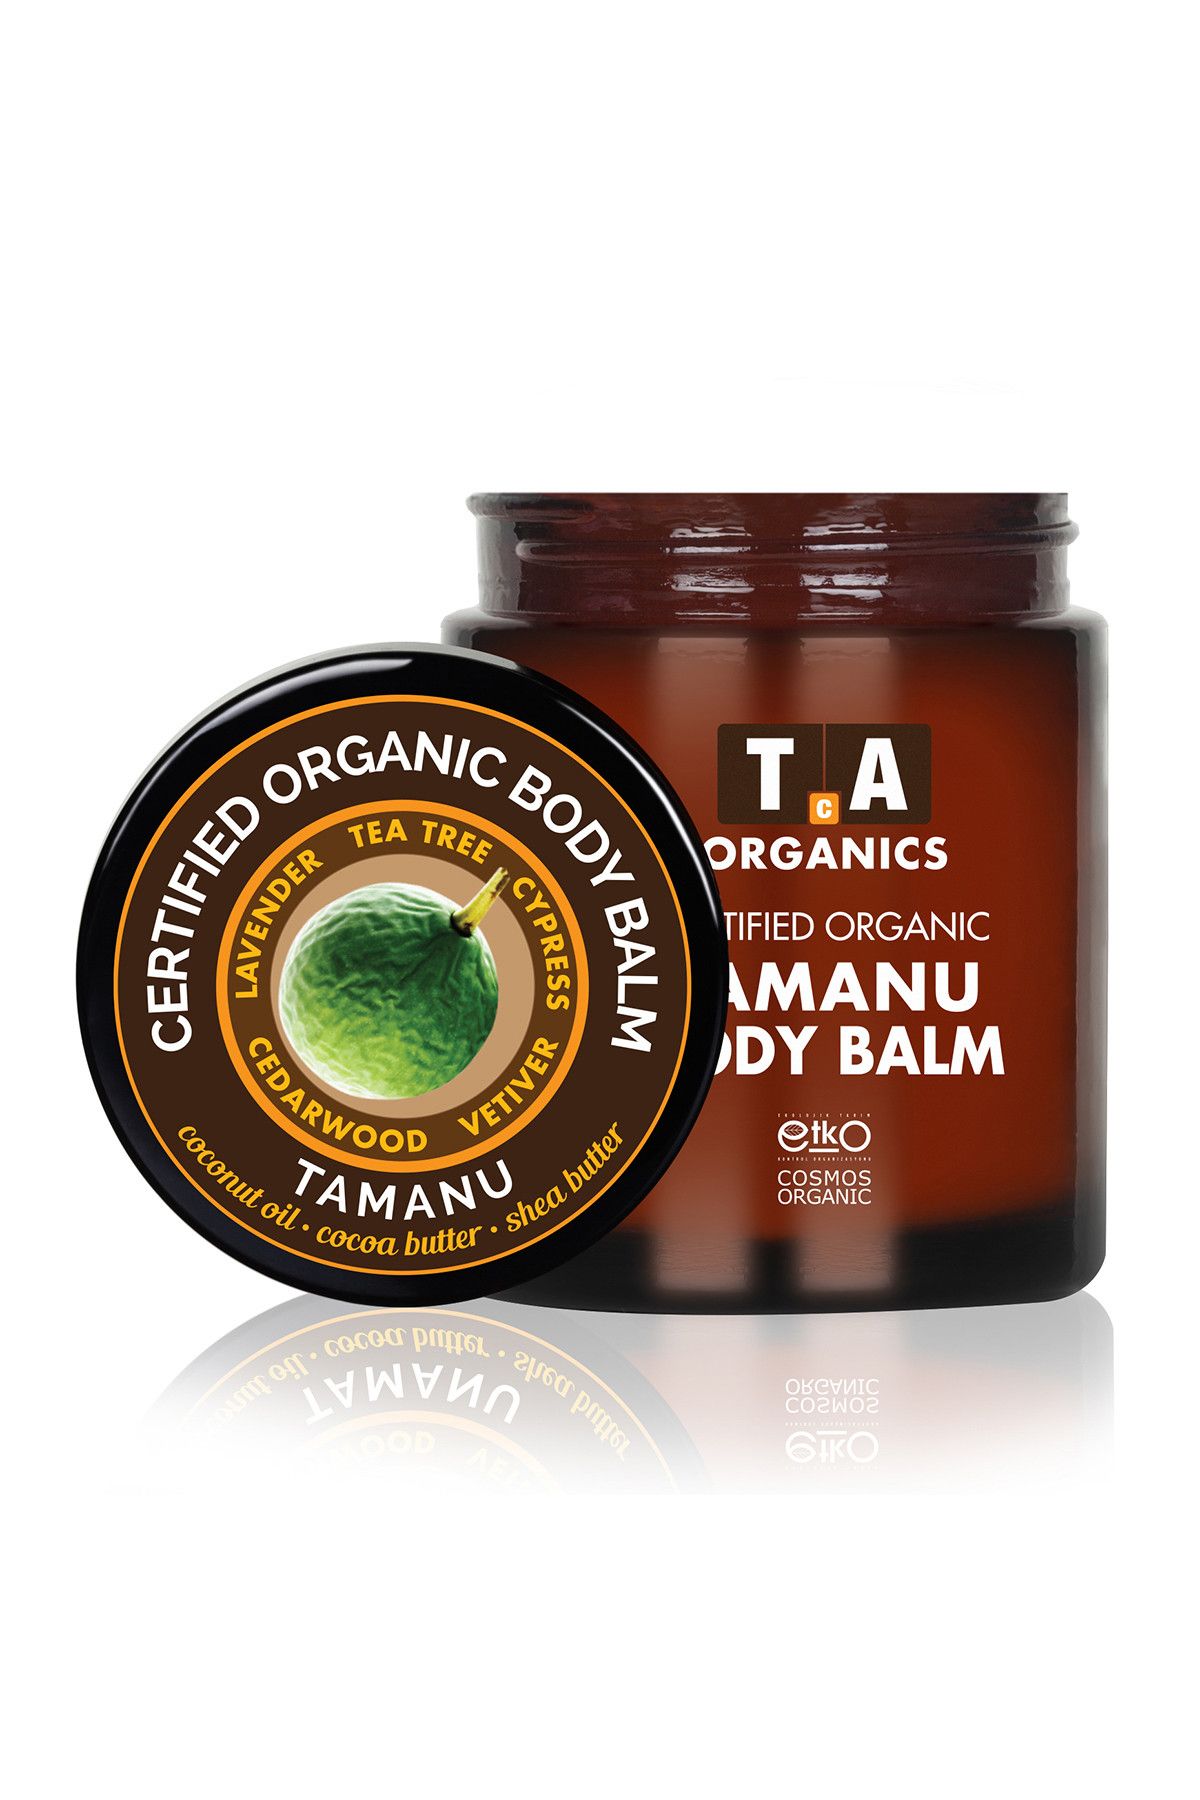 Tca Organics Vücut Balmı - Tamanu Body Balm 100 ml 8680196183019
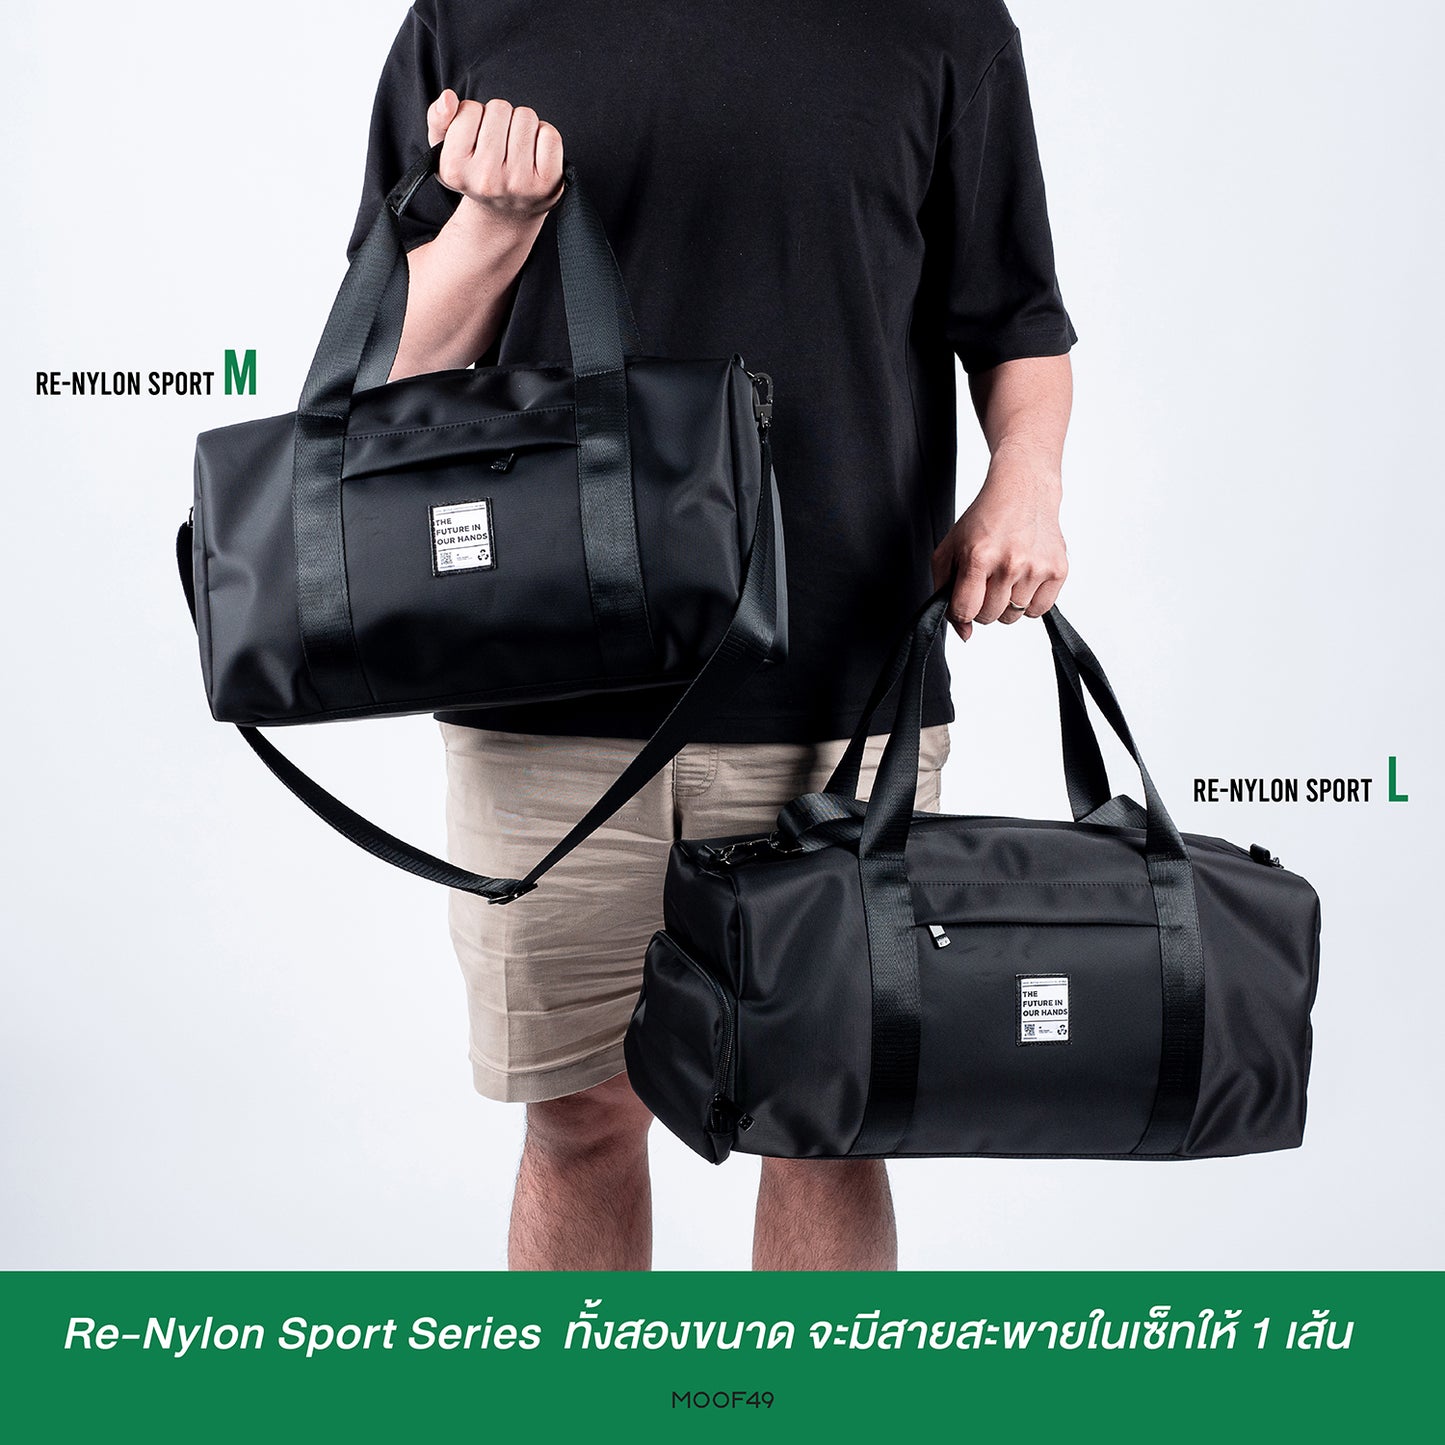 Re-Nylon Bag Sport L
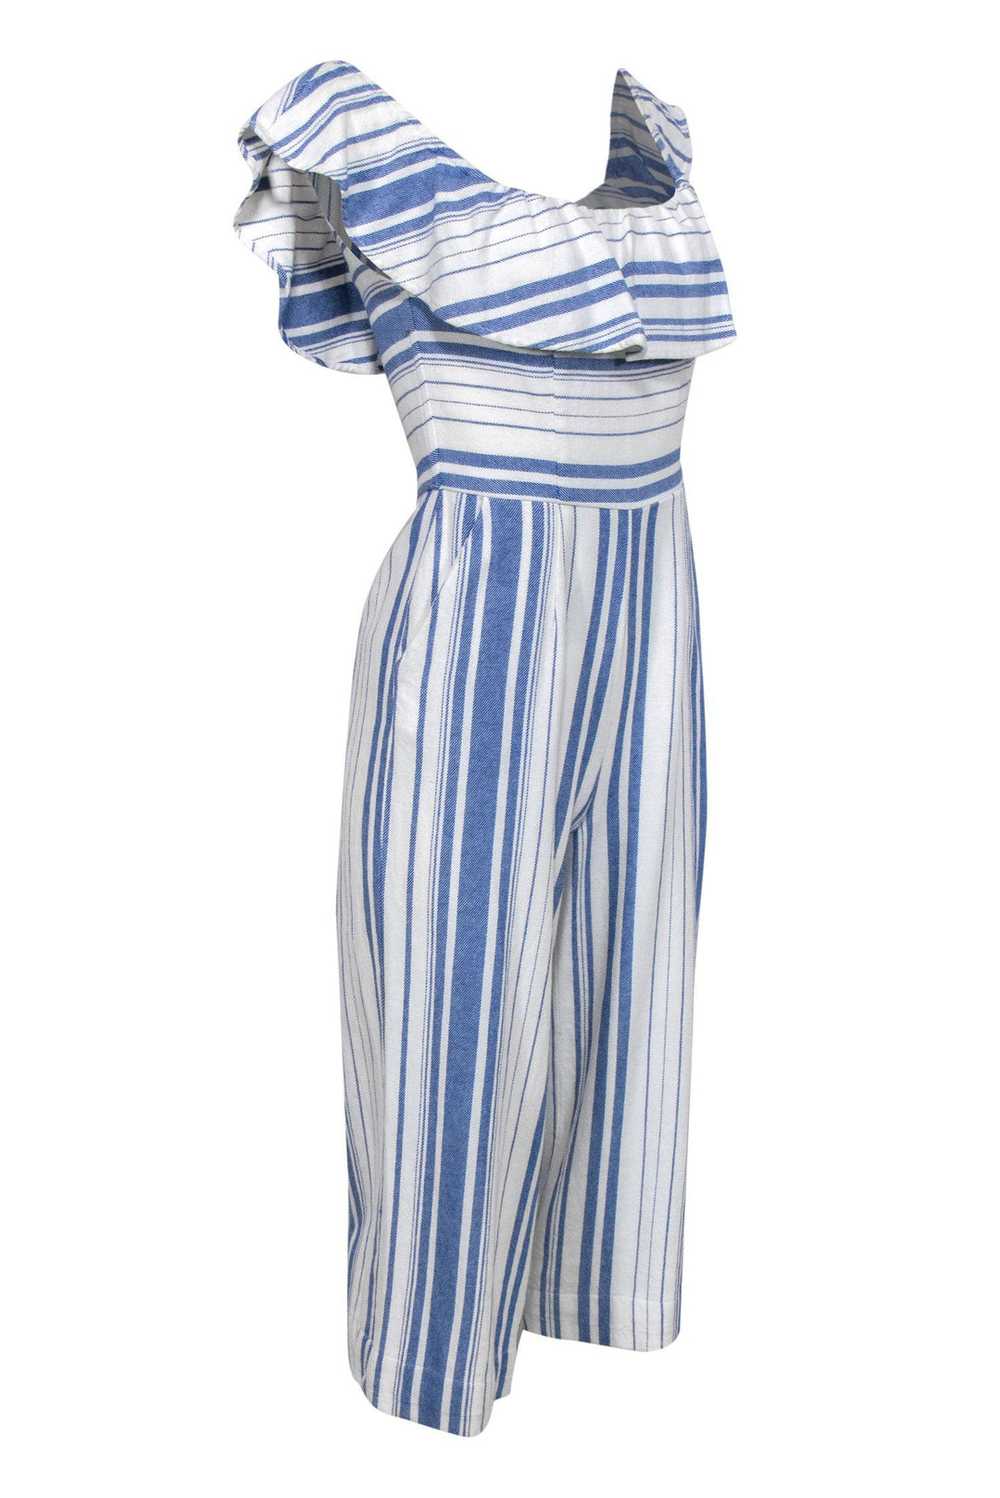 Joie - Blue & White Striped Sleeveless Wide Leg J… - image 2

==============================

Starting at the line that holds "Re-Nylon Bag Sport L", write out every remaining line of the material above exactly as it appears. Pictures should not be copied.

== PROBLEM SOLUTION ==
 Re-Nylon Bag Sport L
 Joie - Blue & White Striped Sleeveless Wide Leg J… - image 2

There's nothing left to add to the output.